Howdy! I’m thrilled to be Elizabeth’s latest guest for her Twenty-Four Days of Christmas Book Shopping Marathon blog series! Before we get into my book, can I just say I’ve read The Second Duchess, and it is awesome? I’d tell you all to pre-order it too, but I think it’s still too soon. So, just, pre-pre-order it! You’re in for a treat. [Thanks, Lisa! And may I just add that as one of your crit partners I’ve also read Rock Paper Tiger, and it’s absorbing, suspenseful, and simply crammed with fascinating time-and-place atmosphere.]

Okay, back to me. My debut novel Rock Paper Tiger is coming from Soho Press in June 2010. Which is a ways off, but that means your recipient will have a nice, shiny new book just in time for summer vacation.

Rock Paper Tiger is mainly set in China, a country where I’ve spent a considerable amount of time (in fact, I just got back and am trying to write this post while slightly jet-lagged). One of the reasons I wrote the book was that I felt today’s China was underrepresented as a setting in contemporary fiction. I’m not sure why, because if ever there were a place with the sorts of complexities, contradictions and global importance that make for a rich and relevant setting, that would be China. If I’ve managed to capture a tiny fraction of any of that, I’ll feel like I’ve done my job.

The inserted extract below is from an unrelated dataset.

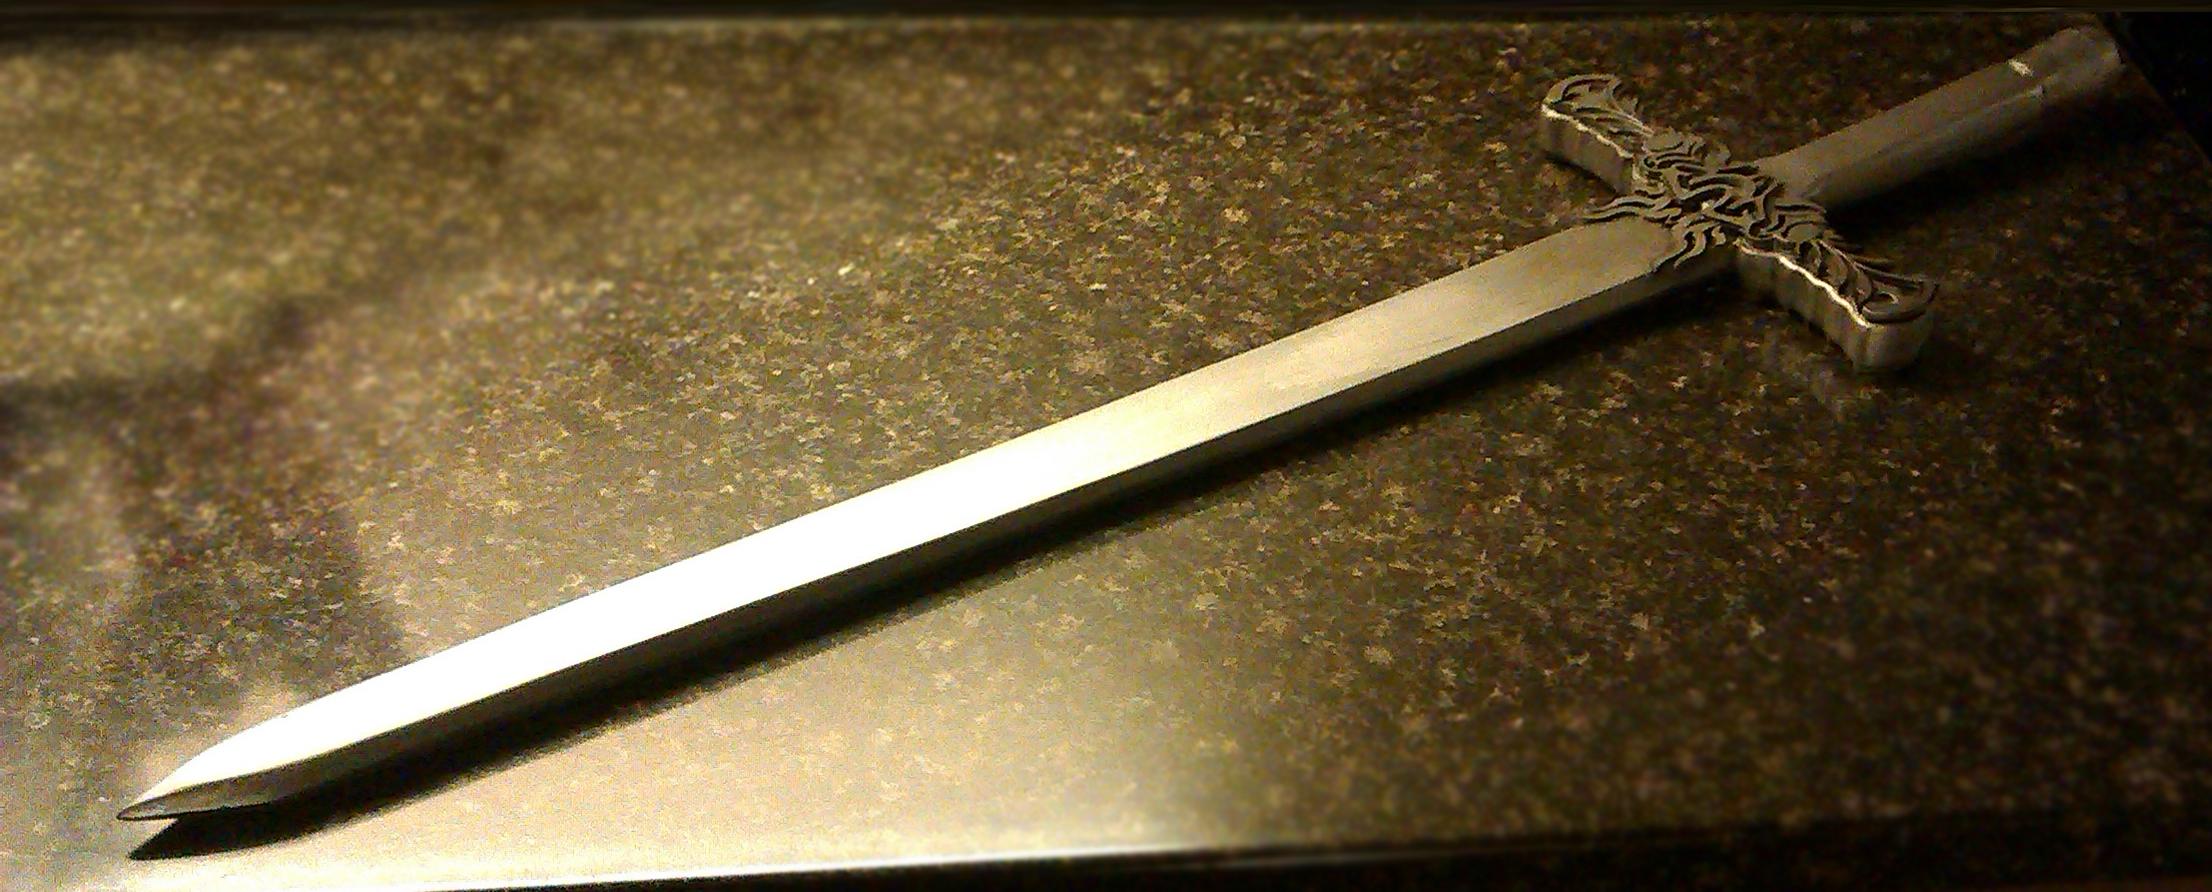 SKYRIM: Silver Sword by Fraxuur

Your guide through this territory is one Ellie Cooper, an American and former National Guard medic who has plenty of reasons to get lost on the other side of the planet from her native country. Estranged from her husband, she’s tending bar in a Beijing dive and hanging out with video gamers and performance artists – one artist in particular, Lao Zhang, who has a few secrets of his own. When a chance encounter with a Uighur fugitive drops her down a rabbit hole of conspiracies, Ellie must decide who to trust among the artists, dealers, collectors and operatives claiming to be on her side – in particular, a mysterious organization operating within a popular online game.

Rock Paper Tiger has some suspense and thriller elements, but for me it is more of a journey story and a meditation on global communities, in both the positive and negative sense. What does it mean to live in a surveillance society? How do we live creative and free lives in a world that is dominated by huge, impersonal organizations that are largely indifferent to “ordinary” people’s individual concerns? What will Ellie do when she runs out of the Percocet she uses to self-medicate, and will her failure to forward her mother’s prayer chain emails to ten people she wants to bless really result in disastrous consequences?

You can find out more about Rock Paper Tiger at my website, and in the Spring 2010 Soho Catalog (hey, that’s my book on the cover!). Rock Paper Tiger is available for pre-order at Amazon.com, Borders, and IndieBound. (Hey, Barnes and Noble! Where’s the pre-order? Get with the program already!).